SDD in Practice: Quality Gates, Tests, and Templates

In the previous article I explained what Spec-Driven Development is and why it makes sense for teams working with agents. Now we get to the part that matters most: how to turn that into day-to-day execution.

Once the conversation leaves the conceptual layer and hits a real project, the same problems usually show up first: vague stories, ambiguous criteria, incomplete tests, shallow review, and commits moving forward without enough guarantees. That is exactly where SDD needs to become concrete.

In this post I will organize that practical layer into five parts: how to write mandatory requirements without ambiguity, what a story needs before implementation starts, what must be true before it can be considered done, which gates keep quality in place, and which templates make the process repeatable.

Before the Checklists: Writing Clear Mandatory Requirements

Before getting into DoR, DoD, and quality gates, it helps to fix one important foundation first: how mandatory requirements are written. If that layer starts vague, everything else degrades with it, including planning, implementation, review, and testing.

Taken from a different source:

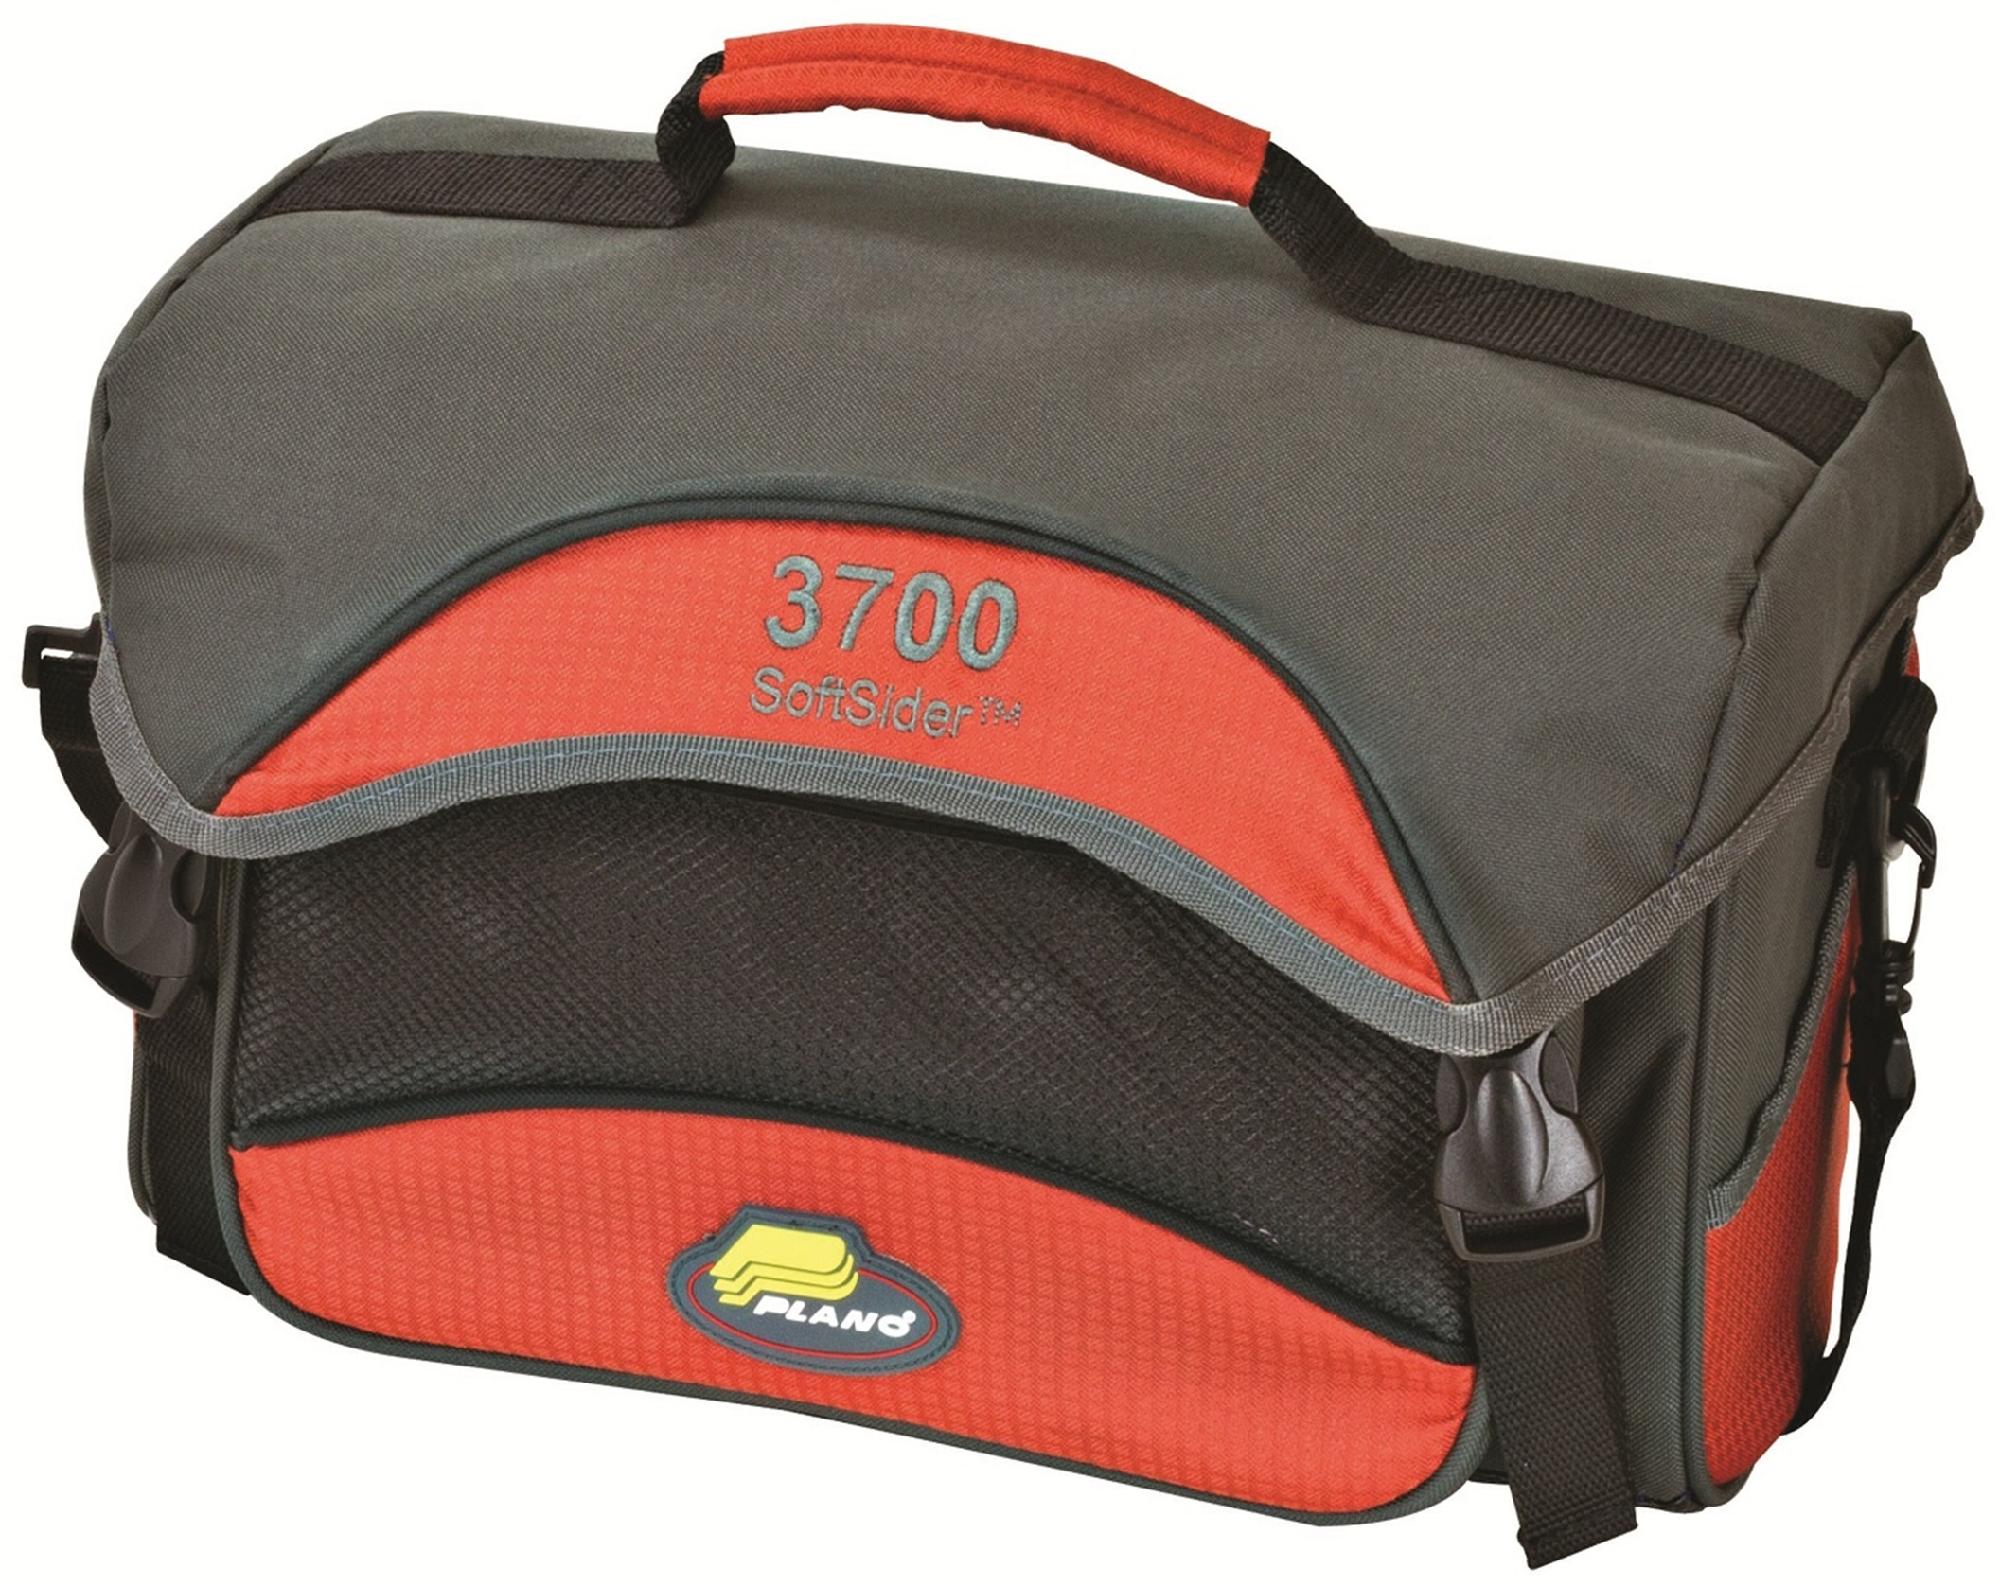 Plano SoftSider 3700 Size Tackle Bag

One simple way to handle that is EARS (Easy Approach to Requirements Syntax). It isn’t an AI framework, and it doesn’t replace a PRD, story, or ADR. It’s just a lean format for writing mandatory requirements so they stay clear, testable, and hard to misread.

That helps a lot when work passes through multiple agents or multiple people. If a requirement is vague, each person or agent fills the gaps in their own way. When it is written in this format, it becomes much easier to review, test, and automate validation around it.

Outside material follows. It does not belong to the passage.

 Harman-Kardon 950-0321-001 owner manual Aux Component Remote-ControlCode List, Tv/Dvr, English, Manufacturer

The idea is simple: use the keyword SHALL to indicate mandatory requirements. This removes ambiguity and makes automated validation easier:

The system SHALL [mandatory action] WHEN [condition]

Practical examples:

“The system SHALL return 403 when an unauthorized user accesses a protected resource”
“The system SHALL validate user input before processing any request”
“The story SHALL have all ACs in Given/When/Then format before implementation starts”

When you read a requirement with SHALL, it’s clear: it is mandatory, it is testable, and there is very little room for interpretation. In the checklists below, I will use that pattern to make explicit what is non-negotiable.

Definition of Ready (DoR)

Before implementing any story, it needs to be ready. Sounds obvious, but this is where most problems with AI begin: the story arrives vague, without clear criteria, and the agent does whatever it thinks is best.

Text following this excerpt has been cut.